Meyvisch Paul, Alonso Ariel, Van der Elst Wim, Molenberghs Geert
Galapagos NV, Mechelen, Belgium.
I-BioStat, KU Leuven, Belgium.
Pharm Stat. 2019 May;18(3):304-315. doi: 10.1002/pst.1924. Epub 2018 Dec 21.
The individual causal association (ICA) has recently been introduced as a metric of surrogacy in a causal-inference framework. The ICA is defined on the unit interval and quantifies the association between the individual causal effect on the surrogate (ΔS) and true (ΔT) endpoint. In addition, the ICA offers a general assessment of the surrogate predictive value, taking value 1 when there is a deterministic relationship between ΔT and ΔS, and value 0 when both causal effects are independent. However, when one moves away from the previous two extreme scenarios, the interpretation of the ICA becomes challenging. In the present work, a new metric of surrogacy, the minimum probability of a prediction error (PPE), is introduced when both endpoints are binary, ie, the probability of erroneously predicting the value of ΔT using ΔS. Although the PPE has a more straightforward interpretation than the ICA, its magnitude is bounded above by a quantity that depends on the true endpoint. For this reason, the reduction in prediction error (RPE) attributed to the surrogate is defined. The RPE always lies in the unit interval, taking value 1 if prediction is perfect and 0 if ΔS conveys no information on ΔT. The methodology is illustrated using data from two clinical trials and a user-friendly R package Surrogate is provided to carry out the validation exercise.

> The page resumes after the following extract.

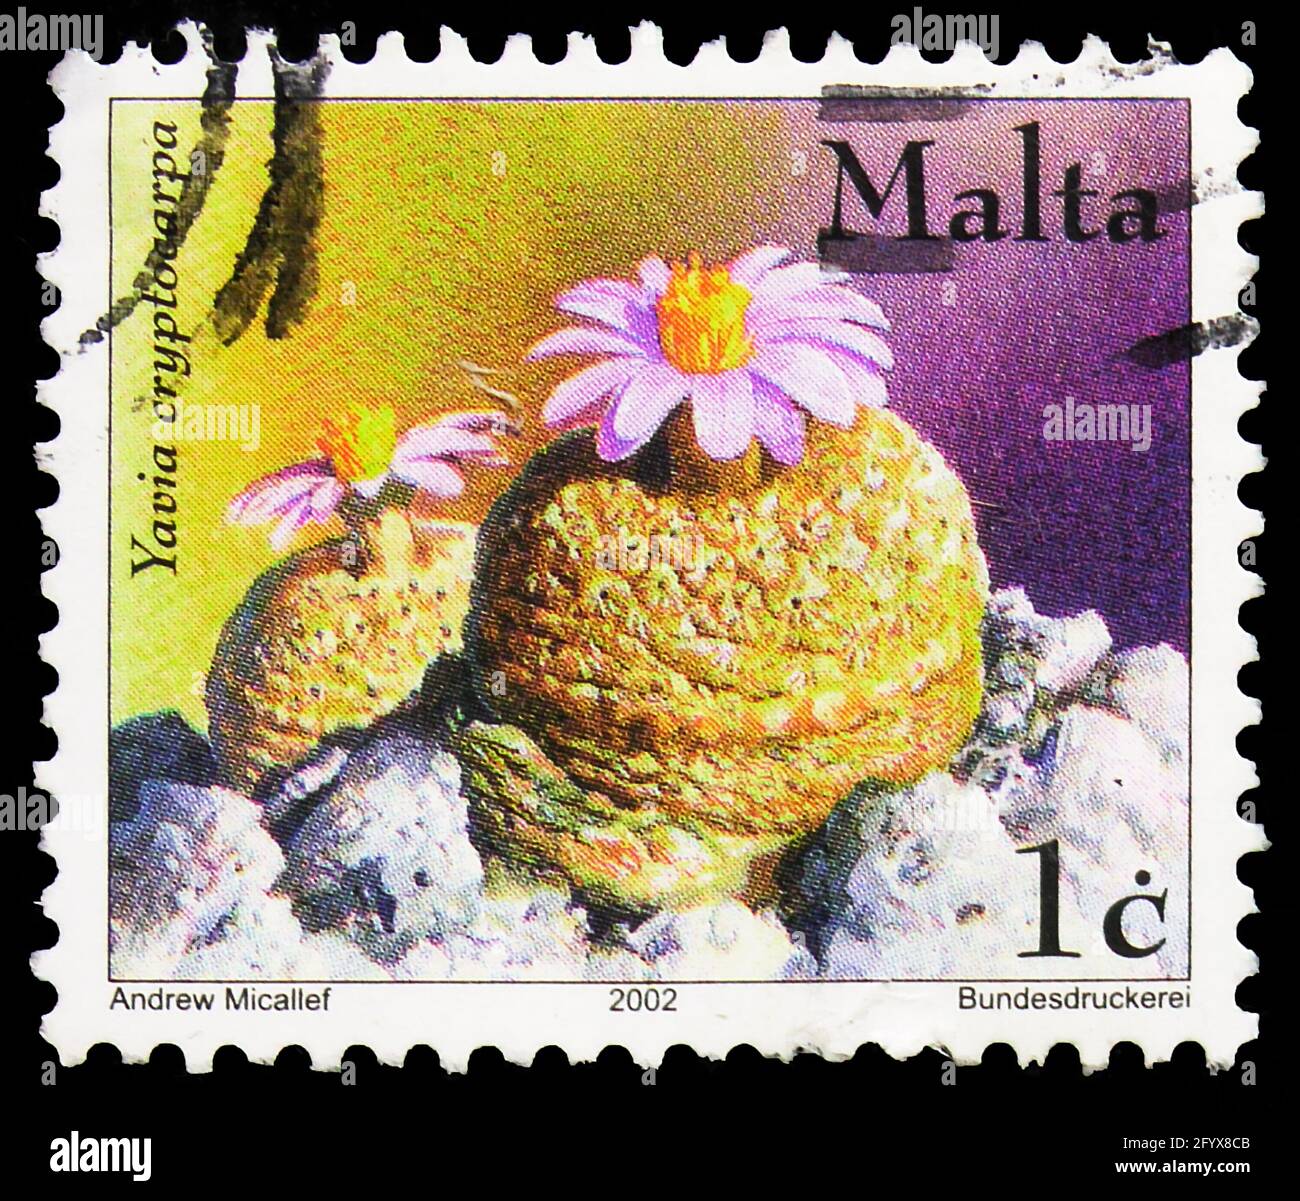 MOSCOW, RUSSIA - SEPTEMBER 27, 2019: Postage stamp printed in Malta shows Yavia cryptocarpa (cactus), 1 Maltese cent, Cacti and Succulents serie, circ Stock Photo

个体因果关联(ICA)最近在因果推断框架中被引入作为替代指标。ICA在单位区间上定义,量化了个体对替代指标(ΔS)的因果效应与真实(ΔT)终点之间的关联。此外,ICA提供了对替代指标预测价值的一般评估,当ΔT和ΔS之间存在确定性关系时取值为1,当两个因果效应独立时取值为0。然而,当偏离前两种极端情况时,ICA的解释变得具有挑战性。在本研究中,当两个终点均为二元变量时,即使用ΔS错误预测ΔT值的概率,引入了一种新的替代指标——预测误差最小概率(PPE)。尽管PPE的解释比ICA更直接,但其大小以上界为一个取决于真实终点的量。因此,定义了归因于替代指标的预测误差减少量(RPE)。RPE始终位于单位区间内,如果预测完美则取值为1,如果ΔS没有传达关于ΔT的任何信息则取值为0。使用来自两项临床试验的数据说明了该方法,并提供了一个用户友好的R包Surrogate来进行验证。